Nuova Magrini Galileo SpA, established in Bergamo (Italy),

applicants in Case T‑124/07,

represented by H. Wollmann and F. Urlesberger, lawyers,

v

European Commission, represented initially by F. Arbault and O. Weber, and subsequently by X. Lewis and A. Antoniadis, and finally by A. Antoniadis and R. Sauer, acting as Agents,

defendant,

APPLICATION, primarily, for the partial annulment of Commission Decision C (2006) 6762 final of 24 January 2007 relating to a proceeding under Article 81 EC and Article 53 of the EEA Agreement (Case COMP/F/38.899 – Gas insulated switchgear) and, in the alternative, for a reduction of the fine imposed on the applicants,

THE GENERAL COURT (Second Chamber),

composed of I. Pelikánová (Rapporteur), President, K. Jürimäe and S. Soldevila Fragoso, Judges,

Registrar: K. Andová, Administrator,

having regard to the written procedure and further to the hearing on 16 March 2010,

gives the following

Judgment

Background to the dispute

I – Applicants and the VA Tech Group

1 On 20 September 1998, VA Technologie AG acquired a subsidiary of Rolls‑Royce, namely Reyrolle Ltd, which became VA Tech Reyrolle Ltd then Siemens Transmission & Distribution Ltd, the applicant in Case T‑123/07 (‘Reyrolle’).

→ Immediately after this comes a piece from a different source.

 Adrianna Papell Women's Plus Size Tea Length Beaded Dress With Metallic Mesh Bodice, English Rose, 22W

On 13 March 2001, VA Technologie, through its wholly‑owned subsidiary VA Tech Transmission & Distribution GmbH & Co. KEG, the second applicant in Case T‑122/07 (‘KEG’), transferred Reyrolle into the newly created company VA Tech Schneider High Voltage GmbH (‘VAS’), in which it held 60% of the shares through its subsidiary, the remainder of which were held by Schneider Electric SA. Schneider’s transfer into VAS consisted of Schneider Electric High Voltage SA, which became VA Tech Transmission & Distribution SA, then Siemens Transmission & Distribution SA, the first applicant in Case T‑124/07 (‘SEHV’), and of Nuova Magrini Galileo SpA, the second applicant in Case T‑124/07 (‘Magrini’), which were previously wholly‑owned subsidiaries of it. Since 1999 SEHV has regrouped the former high-tension activities of several subsidiaries of Schneider Electric.

2 In October 2004, VA Technologie acquired, through KEG, all of Schneider Electric’s shares in VAS.

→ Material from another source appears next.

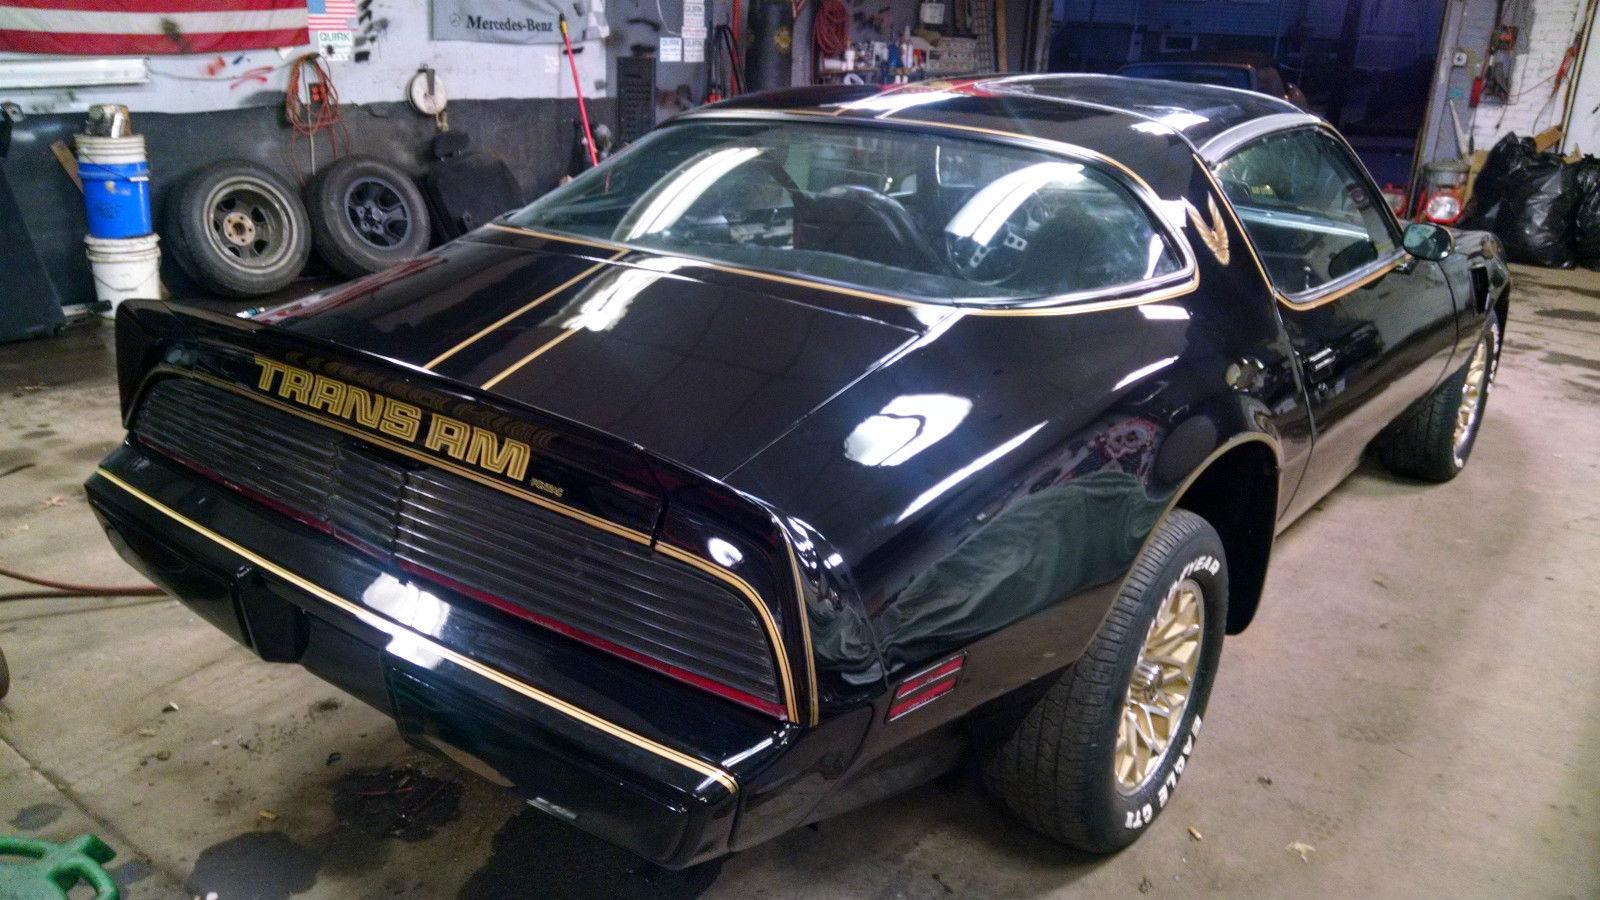 1979 Trans Am Special Edition BANDIT - Classic Pontiac

3 In 2005, Siemens AG acquired exclusive control of the group whose parent company was VA Technologie (‘the VA Tech Group’), via a public bid announced by a subsidiary, namely the first applicant in Case T‑122/07 Siemens AG Österreich (‘Siemens Österreich’). Following that take over, VA Technologie and, subsequently, VAS were merged with Siemens Österreich.

II – GIS and the prelitigation procedure

4 Gas insulated switch gear (‘GIS’) is used to control energy flow in electricity grids. It is heavy electrical equipment, used as a major component for turnkey power sub-stations. Substations are auxiliary power stations where electrical current is converted. In addition to the transformer, other essential components for substations are control systems, relays, batteries, chargers and switchgear. The function of switchgear is to protect the transformer from overload and/or insulate the circuit and a faulty transformer.

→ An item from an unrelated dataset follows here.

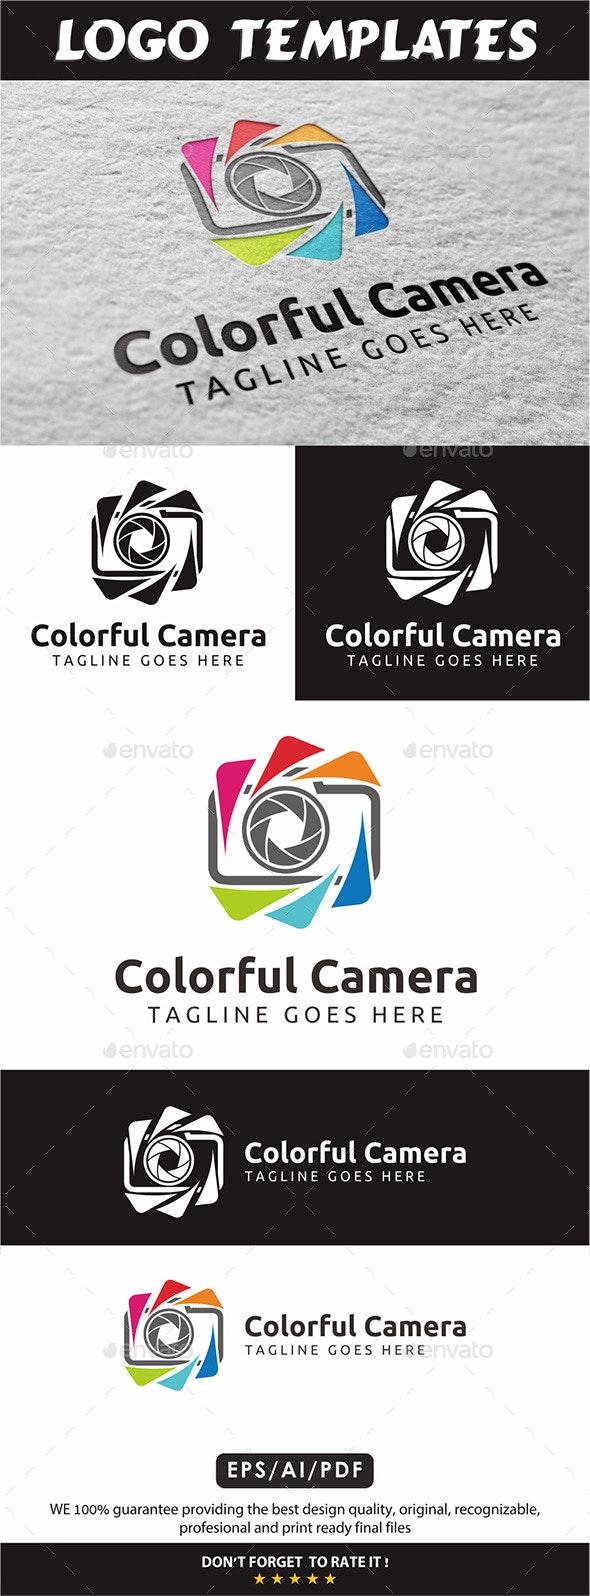 Colorful Camera V3 - Vector Abstract

5 Insulation of switchgear may be through gas, air or some combination of the two, namely hybrid switchgear. GIS is sold across the world either as part of turnkey power substations or as loose equipment which has to be integrated into a turnkey power substation. It accounts for 30 to 60% of the total price of those substations.

6 On 3 March 2004, ABB Ltd informed the Commission of anti‑competitive practices in the GIS sector and made an oral application for immunity from fines pursuant to the Commission Notice of 19 February 2002 on immunity from fines and reduction of fines in cartel cases (OJ 2002 C 45, p. 3) (‘the Leniency Notice’).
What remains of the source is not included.